In America, and apparently some parts of the developing world, it can be very shocking when you tell people that you do not believe in God. Indeed, even among America’s educated classes, you’ll rarely hear an expression of outright atheism (though you will encounter a fair amount of agnosticism).

I asked a friend once why this was and he replied, in effect, that people claim to be agnostic mainly because they are cowards. At first I thought he meant that they, like Pascal, were basically hedging their bets. I mean, what if they’re wrong? Better not to commit either way.

Now I believe that he was pointing instead to their fear of communal opprobrium. Agnostics don’t fear God, after all (if they did, they wouldn’t be agnostics). The only thing they have to fear is Believers.
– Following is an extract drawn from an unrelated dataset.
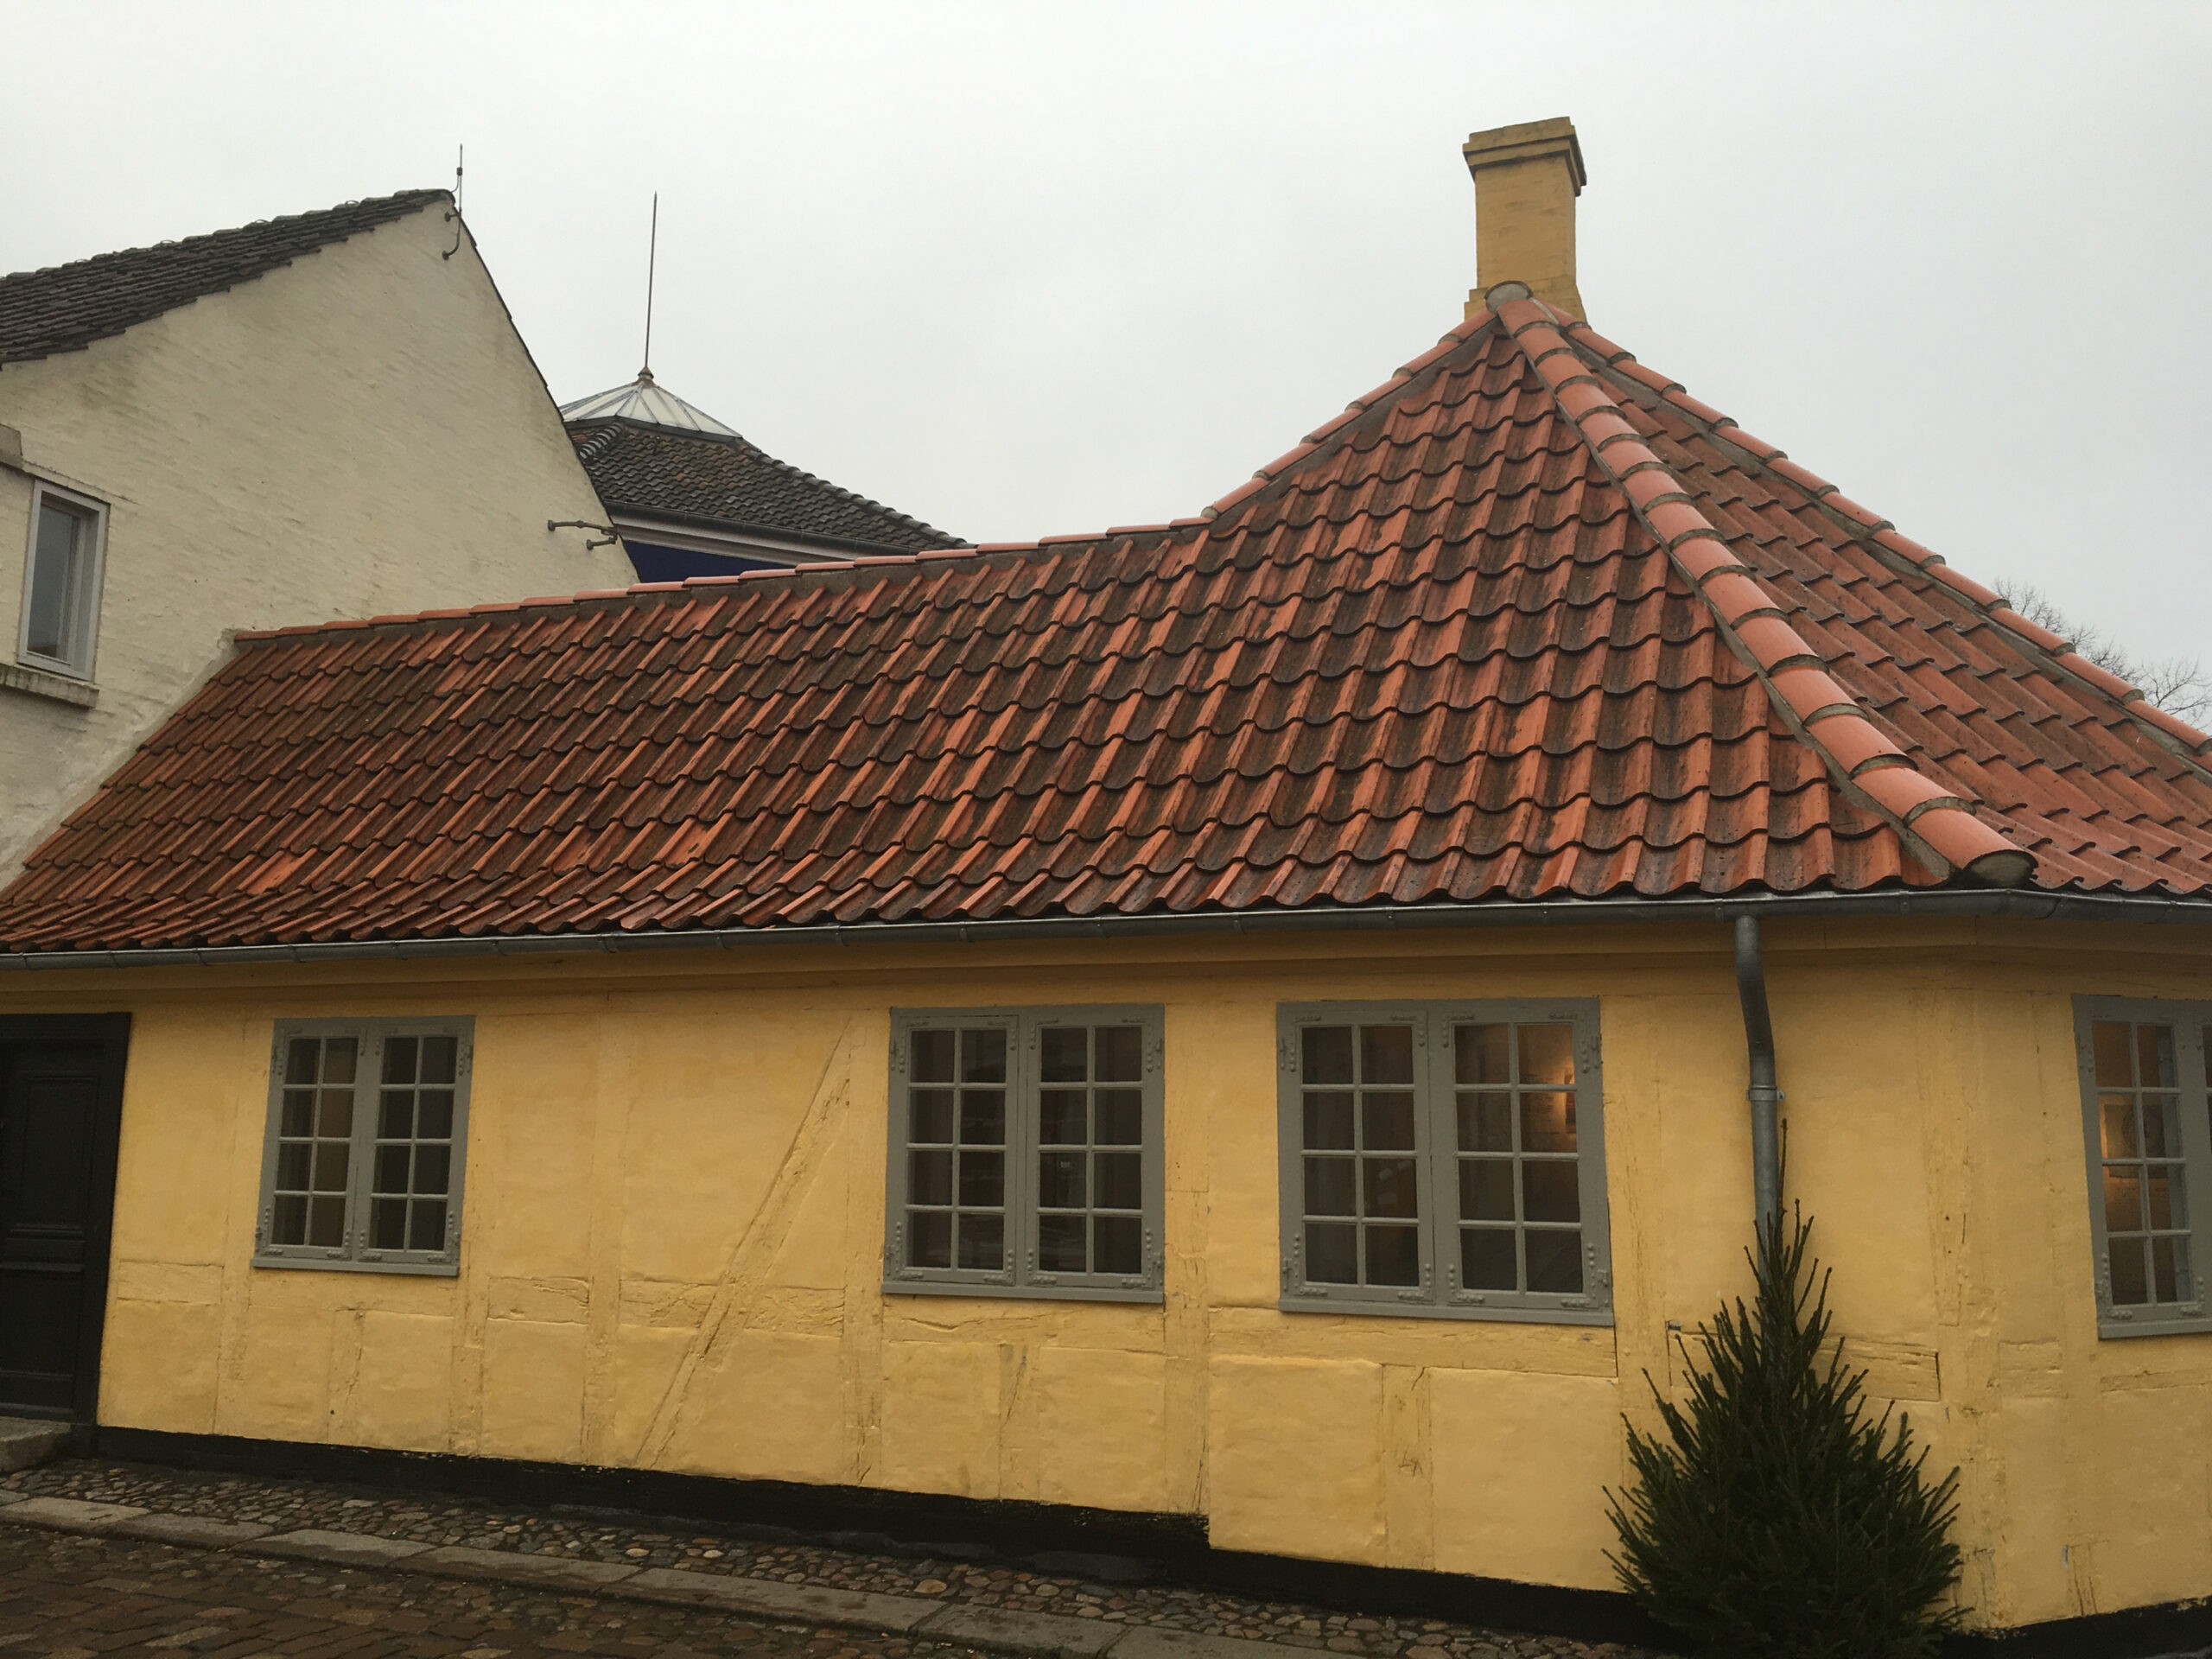 Hans Christian Anderson's house sits on R&aring;dhuspladsen Street in Odense, Denmark.

For my part, I’ve tended to be fairly forthright about my atheism. I do not believe that God exists. At the same time, being of a rather philosophical bent, I’m not entirely comfortable with that manner of expressing things. Why? Well, it all depends on what your definition of “is” is.

You see, we humans tend to have a pretty strong physical bias when it comes to “existence.” When we say that something exists in the course of daily conversation, one can safely assume that we mean “physically” exists. And to the extent that we are particular in questions of fact, we have some fairly rigorous and straightforward standards regarding proof of physical existence.

For example, one should be able to supply fairly precise coordinates of an existing entity’s location in space if one wants to definitively claim that it does indeed exist. One should also be able to specify it’s mass, its physical dimensions, and so on. (In the case of those “objects”—electrons, black holes, photons, etc.—for which precise location or exact mass, among other things, may be difficult to establish, we have mathematical models and experimental procedures that provide a great deal of circumstantial evidence from which existence can be reasonably inferred, if not postively demonstrated.)

Unfortunately, the existence of God doesn’t lend itself to such procedures and demonstrations. If it is argued that the reason for this is that God does not exist “physically,” then I must respond, “Well, then, in what sense of the word ‘exist’ does God exist if not in the physical sense?”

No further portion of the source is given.